Morgan looked to the east, to Fraser Mountain, trying to decide if the tall trees were visible from this vantage point. He decided they were, but only because he knew to look for them. The gorge itself was deep, and because of that the tall trees appeared nearly level with the neighboring forest.
The mist, however, rose like the smoke of a smoldering fire before it slowly dispersed on the northwest breeze. But it was autumn, it was cold this morning, and mist was also rising from the river they were on.
Morgan absently trailed his oar in the water to guide the boat around a bend in the river.
And that was when he found himself bow-to-nose with an equally startled bull moose.
Now, in his experience, moose of either sex did not care for surprises. And this hulking bull was no exception. The great beast reared upward, churning the water with his front hooves, and charged toward him.
Cursing the lumbering weight of his loaded canoe, Morgan dug his oar deeply into the river and tried to power his way against the current, out of the path of the charging bull.
The hit, when it came, struck with enough force to send the boat backward, splintering wood and knocking the oar out of his hand. Morgan grabbed the gunnels for balance and rode the storm of choppy water.
The bull reared again and charged a second time. Morgan dove for his sword, rolling in the bottom of the boat as he scrambled to unsheathe it. Mercedes’ cry of alarm came to him over the sound of more splintering wood and the snorting of the enraged moose.
He was getting a little enraged himself.
A large antler appeared over him, just as two large hooves smashed down on the gunnel. The damned moose was trying to climb into the boat and kill him.
Morgan lifted his sword, grabbed the antler, and pushed it away. He drove his weapon deep into its neck. The bull jerked violently and bellowed in anger. His wife’s shout ended abruptly and turned to a blood-curdling scream.
The bull kicked out, slashing a razor-sharp hoof into his thigh. Morgan twisted his sword, driving it deeper, feeling it slip past the shoulder blade until it found the animal’
s heart.
Now in its death throes, the shuddering, heavy moose slowly slipped into the water, its only triumph that of finishing the destruction of his canoe. The boat snapped in half and rolled over, pulling Morgan and all his gear into the river.
Still holding the hilt of his sword, Morgan kicked his feet and pushed at the now dead moose, guiding them both toward the river bank. His feet touched bottom, and he turned, dragging the moose by the antlers. Once the animal scraped gravel, he let it go, pulled his sword from its body, and threw himself onto dry ground.

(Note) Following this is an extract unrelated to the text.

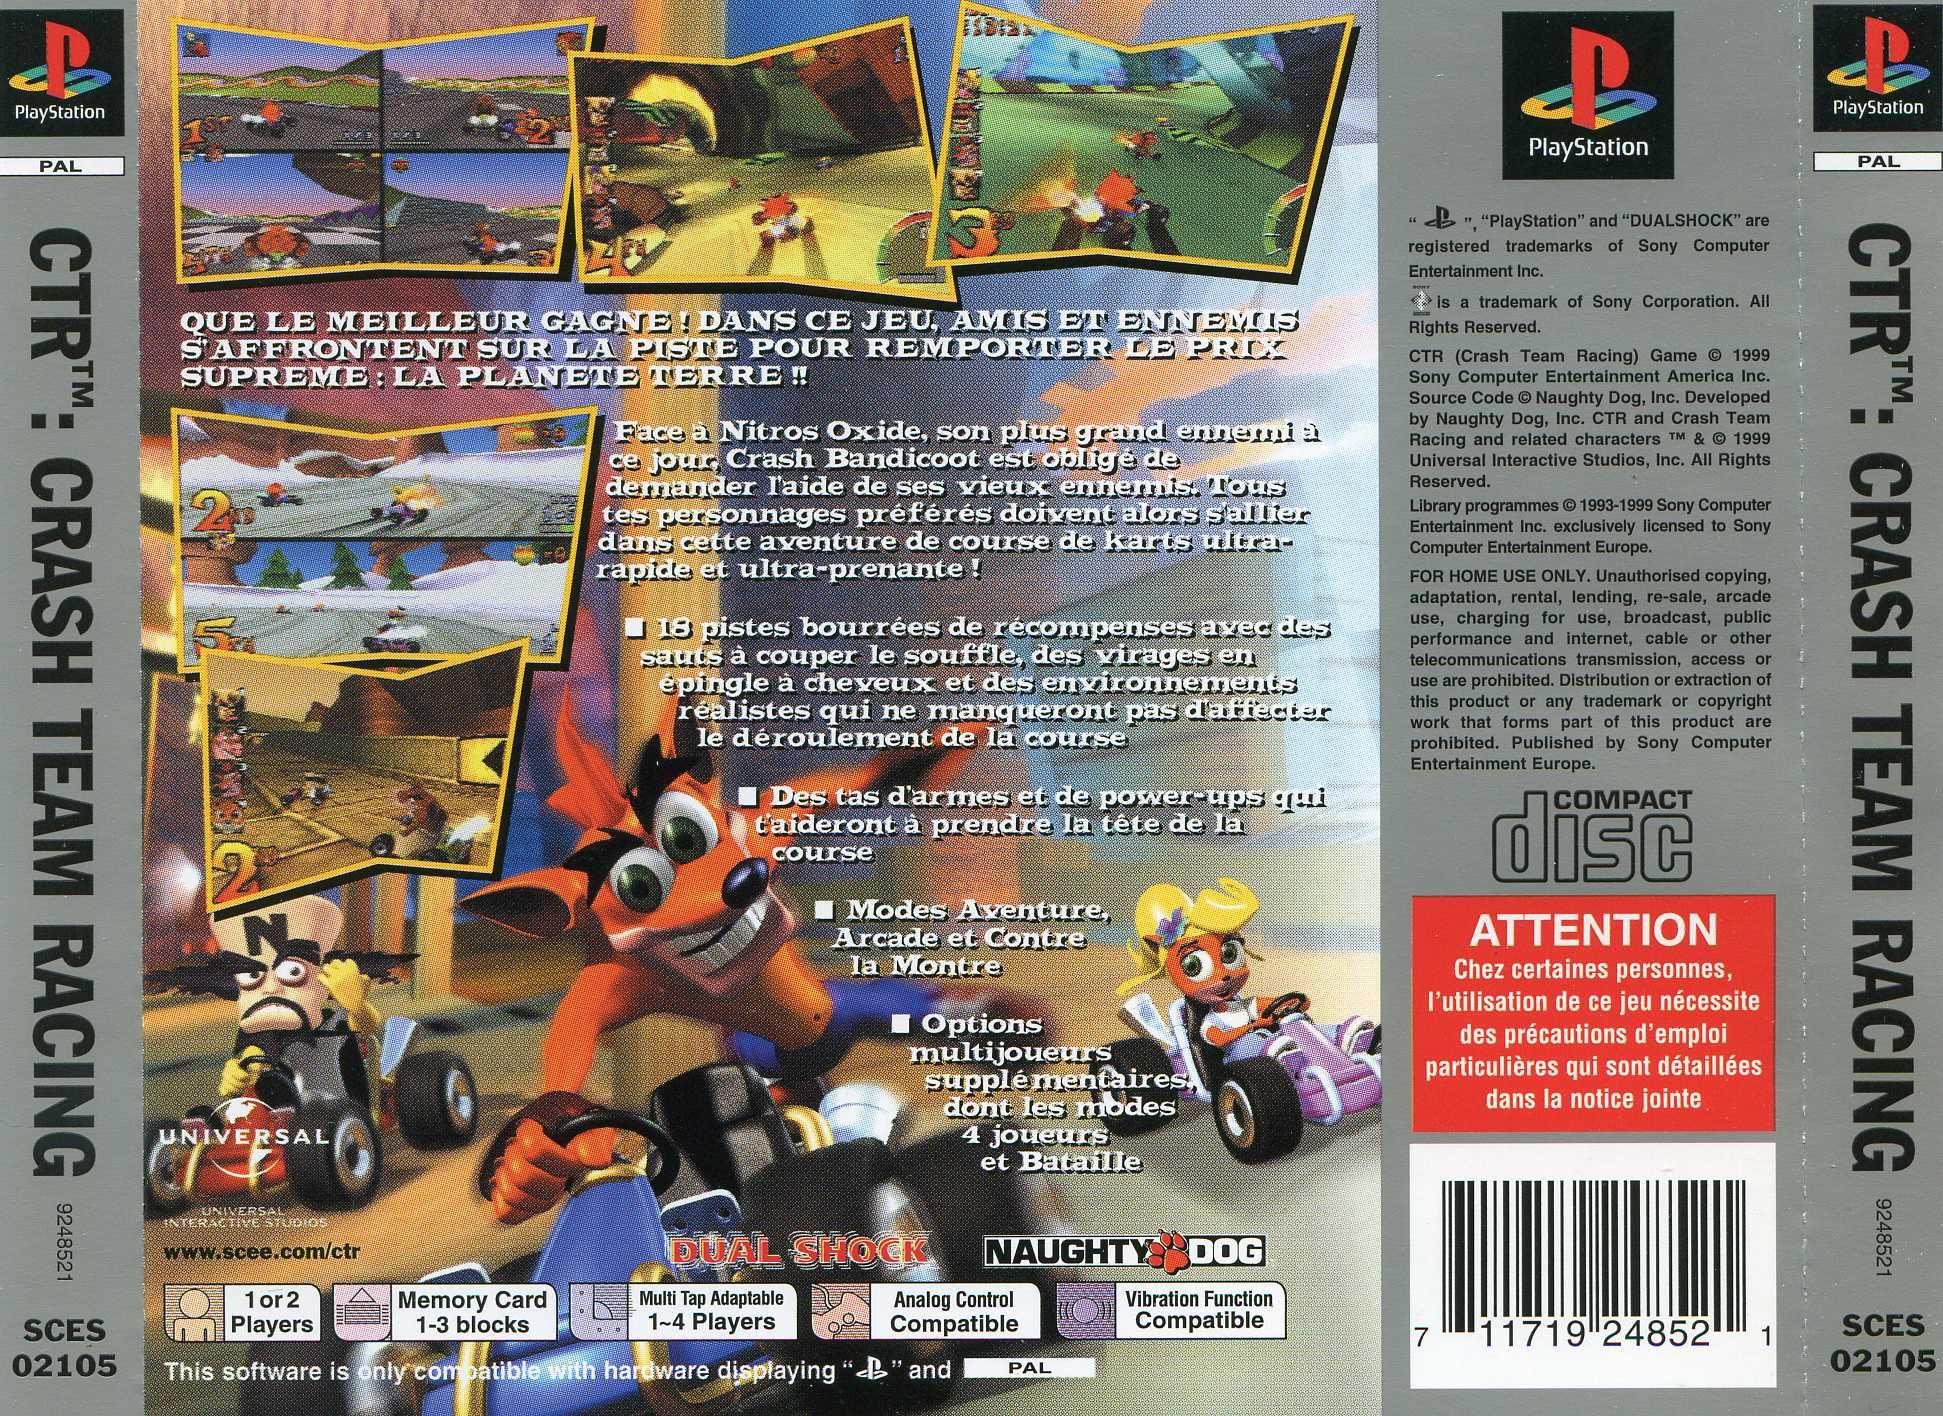 Crash Team Racing Psx Front Cover - Imagez co

He lay on his back with his eyes closed, exhausted, breathing heavily, his muscles still quivering with battle-tense energy, reciting a list of curses that might have God striking him dead. He suddenly felt the coolness of a shadow fall over his face. Still he kept his eyes closed, loath to look up, not wishing to see the accusing glare of his obviously tender-hearted wife.
A warm tongue suddenly licked the side of his face, lapping the river water dripping from his hair. Morgan snapped his eyes open and sat up, shoving Faol away with another curse, this one out loud. The wolf backed off and went instead to inspect the kill.